Given the high cost of surgical oncology procedures, radiotherapy and systemic treatments, appropriate allocation of patients to receive these therapies has the potential to have a major influence of health-care expenditure. For example, performing surgery with curative intent in the setting of unrecognized metastatic disease subjects the patient to the risks of mortality inherent in such operations, the related convalescence and any ongoing morbidity, as well as any direct costs or loss of earnings related to time off work, without any chance of effecting a cure (Fig. 1). Furthermore it may delay introduction of more appropriate treatments, some of which may have a higher likelihood of providing a progression-free or overall survival advantage if introduced at an earlier time point in the progression of disease. Conversely, recognizing false-positive results on conventional staging can allow patients to enter curative treatment pathways. Although these may increase direct costs of care in the short term, there can be major societal advantages in delivering efficient cures. These include reduction in the loss of productive life-years and reduced palliative care costs in the longer term. In the restaging setting, prior surgery, radiotherapy or chemotherapy can be associated with residual morphological abnormalities that may or may not contain viable tumour. These are a source of considerable anxiety for patients and often prompt ongoing imaging surveillance, with its attendant cost and loss of productivity. Furthermore, they may induce invasive procedures to determine their nature or introduction of empiric treatment in the hope of salvaging a cure. These interventions carry cost and morbidity, which are clearly unwarranted if the patient is already cured of cancer. On the other hand, early detection of residual disease after attempted curative treatment may allow timely salvage treatment.

Figure 1

Primary staging. In patients being staged for locally advanced cancer, more sensitive detection of metastatic disease by positron emission tomography/computed tomography (PET/CT) provides both avoidance of expensive and toxic therapies and a baseline for therapeutic response assessment. In this patient with locally advanced gastro-oesophageal cancer, baseline [F]fluorodeoxyglucose (FDG) PET/CT demonstrated high uptake in normal-sized lesser curve nodes (red arrows) and therefore neoadjuvant chemoradiation was delivered. Follow-up FDG PET/CT prior to planned oesophagectomy demonstrated a poor local response to treatment and development of increased activity in the superior mediastinum in a non-enlarged node, as well as multiple small liver metastases (blue arrows) that were not apparent on CT but were confirmed by later progression.

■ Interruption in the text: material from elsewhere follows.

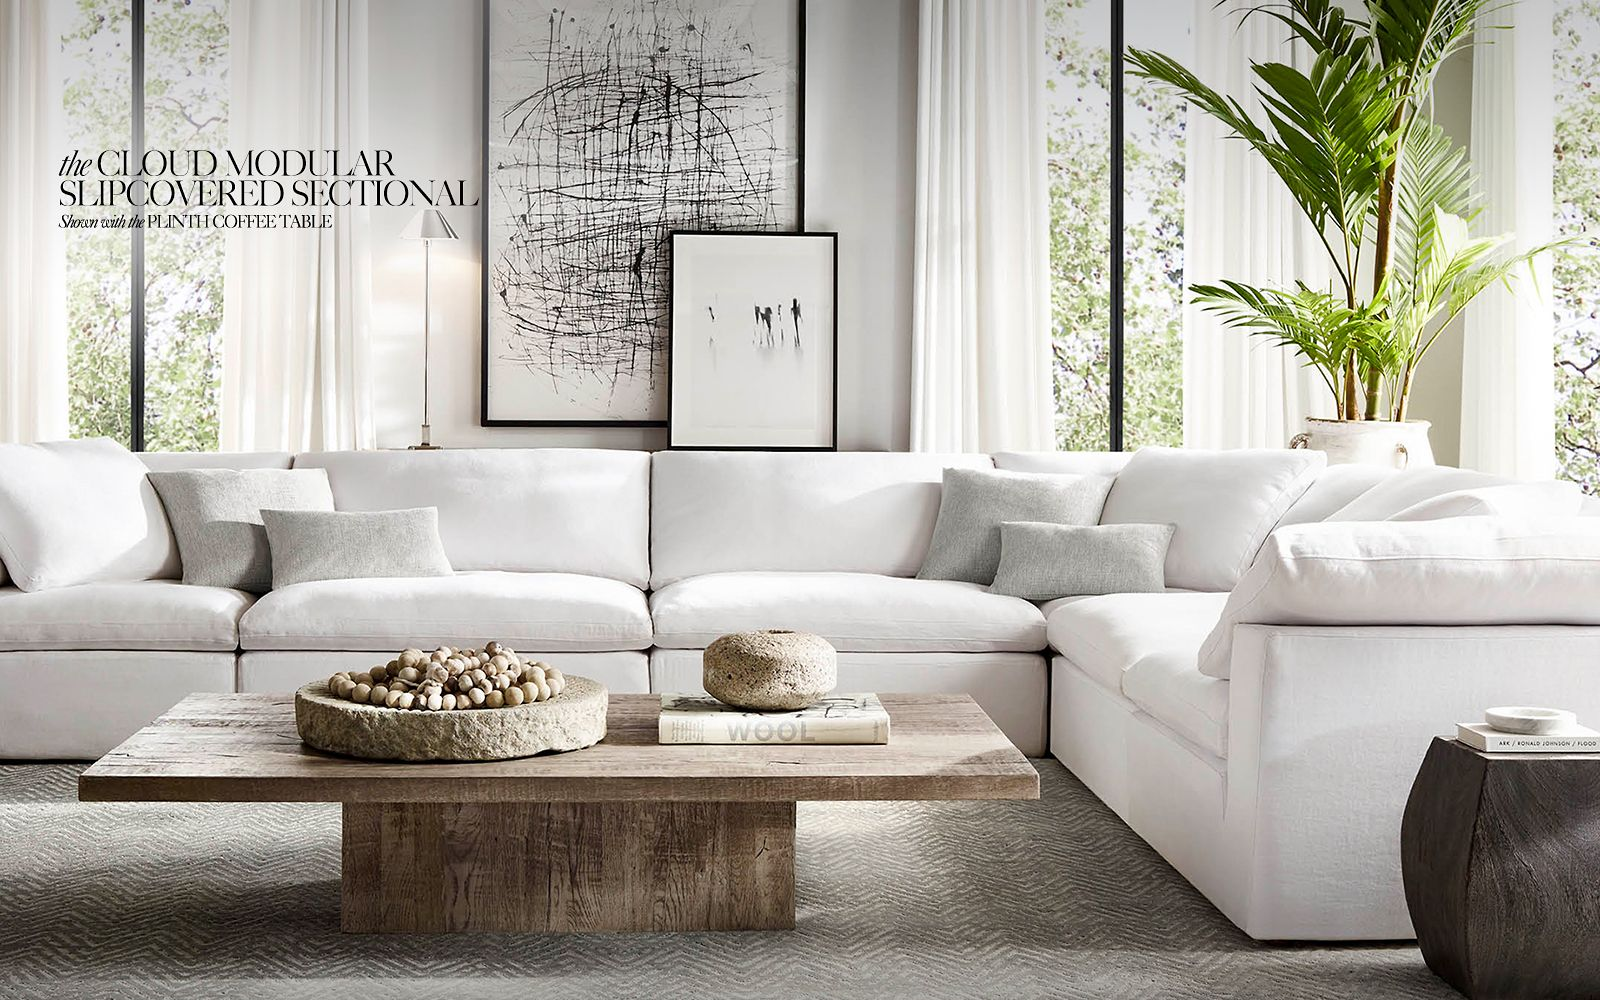 Restoration Hardware Sofa - Fashionista Chicago, Chicago Fashion Blog

Beyond the consequential medical cost of the imaging procedure itself and its flow-on effect on treatment choices that influence health-care expenditure, there are many less obvious sources of economic impact[]. The time invested by patients and their social support network in undergoing imaging procedures can be substantial. Loss of productivity through attendance for investigations or interventions that may be unnecessary ought to be factored into assessment of the efficiency of imaging paradigms. More efficient staging approaches wherein a single test may replace several investigations can have benefits that far offset the net expenditure on the procedures themselves. For patients who live at a distance from their medical centre, these reductions in the time and cost of travel and sometimes accommodation expenses, lost earnings for themselves and anyone accompanying them, and the psychological impact of dislocation from family need to be considered. For the community, the environmental and resource-allocation imposts must also be factored into the microeconomic analysis[].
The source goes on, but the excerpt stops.